S104: the projection being iterated to the training data determines the first projector space.
Specifically, training data is projected using the iterative method of projection function according to the maximized principle of relative entropy,
Obtain a new projector space.Too low projecting direction is estimated ignoring, and is reduced the dimension of projector space, is judged projector space
It whether is no longer to deviate.The maximized direction of the relative entropy refers to the smallest direction of data association information, the present embodiment provides
Method in, classify according to the direction, may make that the degree of correlation between the data projected is minimum, in other embodiments
In, axis of projection can also be taken different directions according to the requirement different to the degree of correlation.
When new projector space no longer deviates, new projector space is the first projector space;When new projector space again
When secondary offset, repetitive operation S104, until the projector space no longer deviates.
The iterative method of above-mentioned projection function may include: fixed point iteration method.Specifically the iteration of projection function is selected
Fixed point iteration method, in order to keep fitting result more preferable, iteration function in addition to meet non-linear and convergence, also to meet as far as possible and
The similitude of initial data distribution.Iteration function is a function close with the Probability Characteristics of data, in the present embodiment
In, it is compared through making difference to different function acquired results, is chosen to be g (x)=xe-x, in other embodiments, table also can be selected
Now preferably have the function of heavy-tailed property.
Training data is projected using the iterative method of projection function according to the maximized principle of relative entropy, each round is all
Judge whether the first projector space has the possibility for further deviating and compressing, ginseng of such repeated compression until the first projector space
Number is stablized in a suitable value, wherein includes enough data characteristicses in the space.
In addition, the relative entropy between any two direction is all as big as possible in the first projector space of selection, so that base
Annoyance level is minimum between any two for signal, can also reduce the dimension of projector space as far as possible without losing information.
S105: the test data received is projected to the projection that test data is determined to the first projector space.
Specifically, the group number of each group of test data is fixed value;If the test data received is greater than the survey received
The group number for trying data, then randomly select the test data of fixed group number, forges secure data in specific position to prevent attacker.

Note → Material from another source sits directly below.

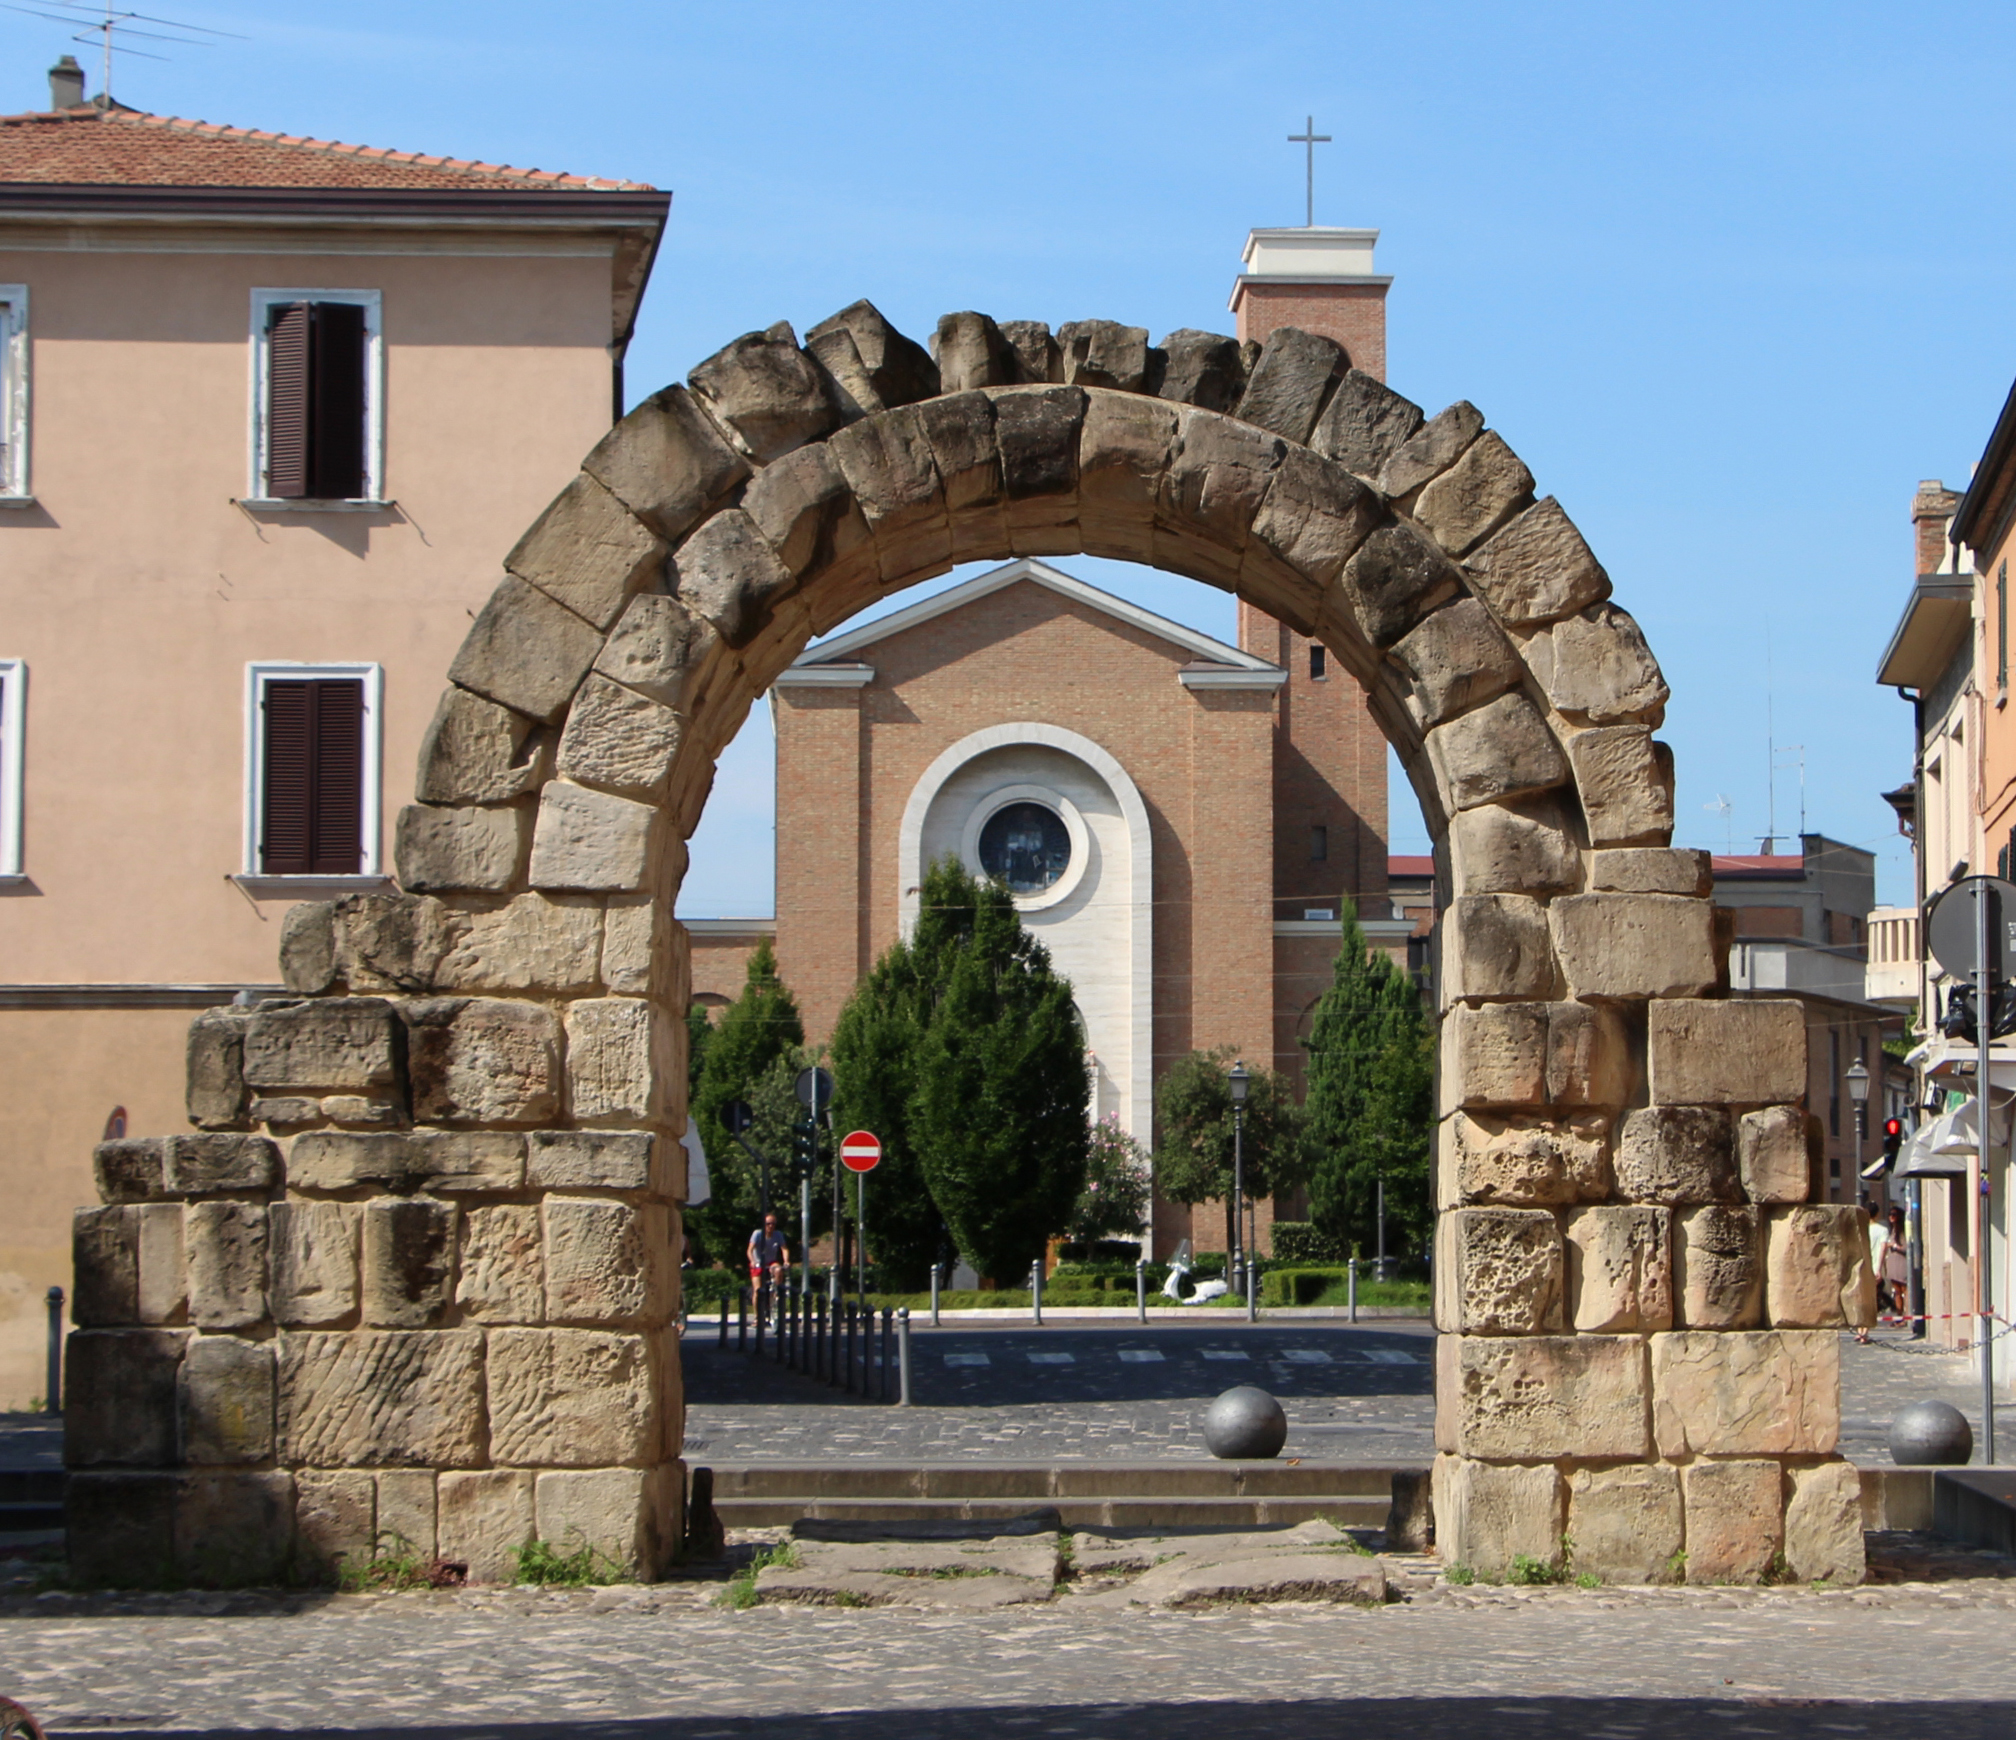 foto: https://upload.wikimedia.org/wikipedia/commons/e/e5/Rimini%2C_porta_montagnara%2C_veduta_01.JPG

S106: according to the projection of test data at a distance from training data in the first projector space, test data is determined
Safety.
Specifically, according in the projection of test data and the first projector space training data (being properly termed as base vector) away from
From to determine whether safety, if training data more than one set, test vector needs to be constituted from all training vectors super vertical
Cube is all remote enough just to calculate safety.
Furthermore it is also possible to which estimating according to Euclidean distance, determines the safety of measurement data.Embodiment provided by the invention
Middle use in projector space Euclidean distance estimate rather than the size of angle judges the risk of data, slightly increase
Calculation amount, but the erroneous judgement to the impulse flow in same direction is avoided, it is misjudged as safety.Euclidean distance close enough is
One as far as possible can distinguish risk data and reduce the distance of False Rate, in the present embodiment, the threshold size set as
1.0500, when being less than threshold value, then test data is judged to be safe, when being greater than threshold value, then judges test data for danger
's.In other embodiments, it is also adjusted according to specific attack type and network environment.
S107: new test request is determined whether.
Specifically, if there is new test request, S105 is returned, is repeated, until not new test request.
If not new test request, terminates.
Fig. 4 is a kind of structural schematic diagram of the detection device of distributed denial of service provided in an embodiment of the present invention.Such as Fig. 4
Shown, the apparatus may include computing modules 401, the projection for being iterated to training data, determine first projection sky
Between.Projection module 402, for the test data received to be projected to the projection for determining test data to the first projector space;Place
Manage module 403, for the projection according to test data with the first projector space described at a distance from training data, determine and test number
According to safety.
Above-mentioned computing module 401 specifically can be used for: the iteration of projection function is used according to the maximized principle of relative entropy
Method projects training data, obtains new projector space.When new projector space no longer deviates, new projector space is
First projector space.
Wherein, the iterative method of projection function may include: fixed point iteration method.The group number of each group of test data is to fix
Value;If the test data received is greater than the group number of the test data received, the test data of fixed group number is randomly selected.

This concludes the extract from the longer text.